La clé dans ce type de situation, c’est la solidarité. Une solidarité nécessaire parce que les moqueries répétées font chuter l’apport de la victime et que, si celle-ci fait partie de l’équipe, c’est qu’on a collectivement besoin de son apport. La solidarité doit s’inscrire en deux points. Premièrement, on ne rit pas. Si l’équipe se donne le mot pour ne pas rire quand l’humour se fait aux dépens d’un collègue, l’humoriste cessera de recevoir ce qu’il recherche en exerçant ce type d’attaque. Et s’il ne reçoit plus de récompense, il finira par metter fin à son comportement malsain.
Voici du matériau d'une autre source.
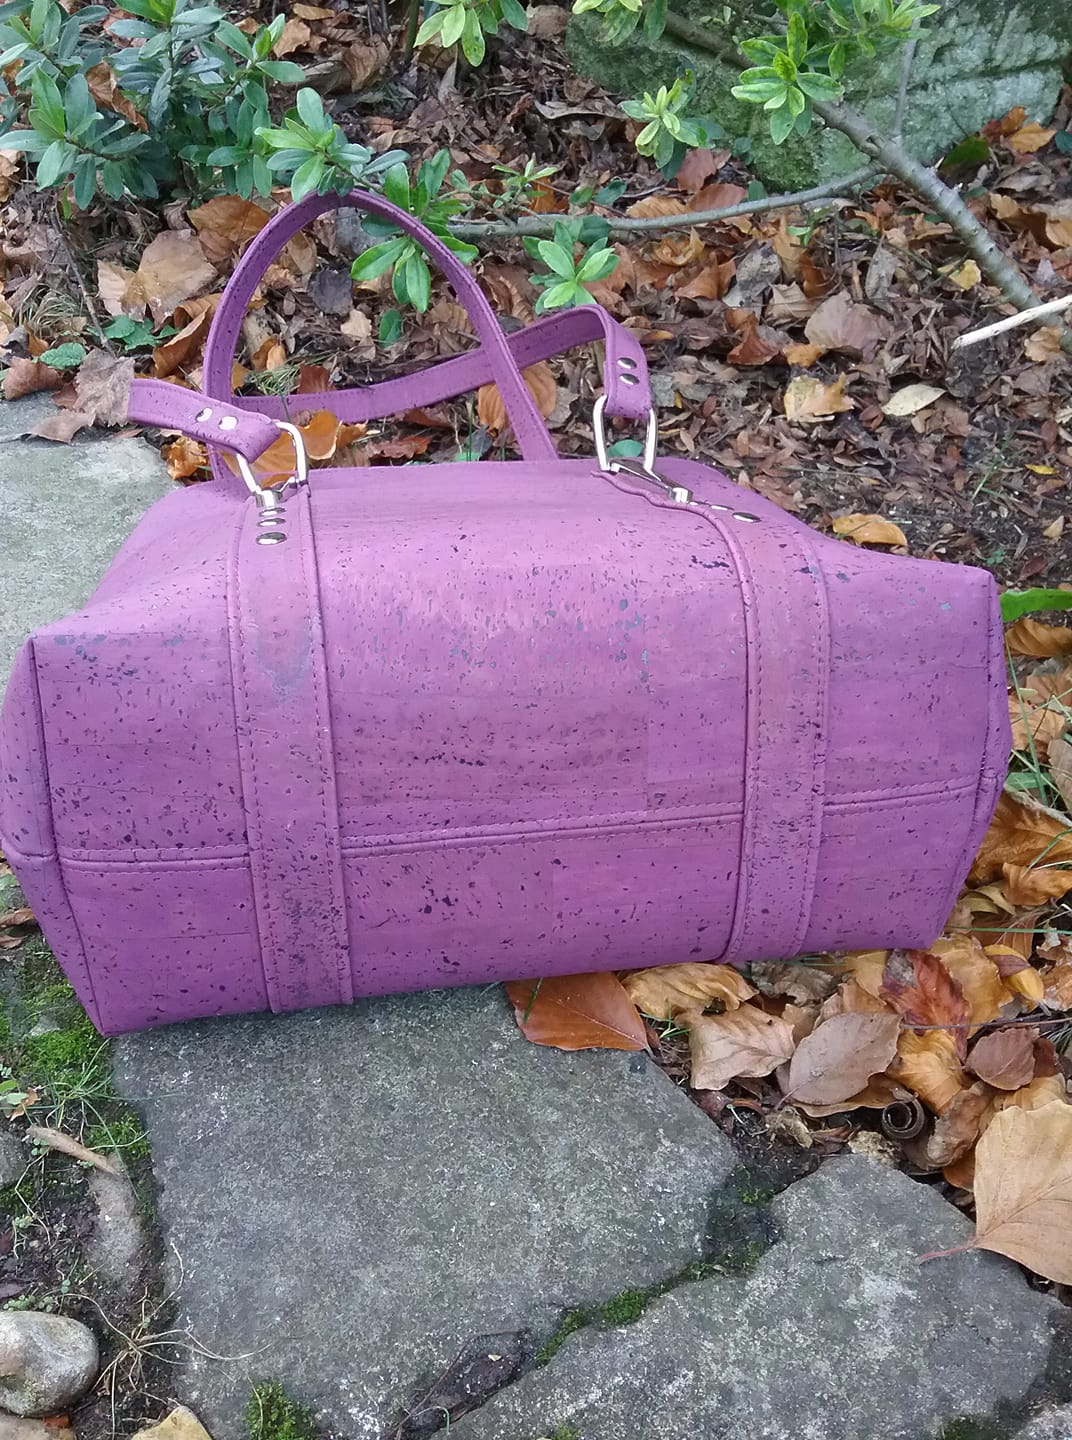 A hacked Jangles Anchor Bag made by Lynn of LBP Bespoke

Deuxièmement, on défend. Si les collègues apprennent à dire à l’agresseur que sa tentative d’humour n’est pas drôle, le comportement cessera encore plus rapidement. Ça n’a pas à être dit d’une manière hostile, mais ça doit ensuite être répété à chaque tentative. Ne vous privez pas de l’apport de vos collègues en les laissant être la cible de remarques hostiles masquées par un humour douteux. Et si vous vous êtes reconnu en tant qu’agresseur dans cette chronique, n’oubliez pas que l’autodérision est très efficace quand vous souhaitez amuser les troupes.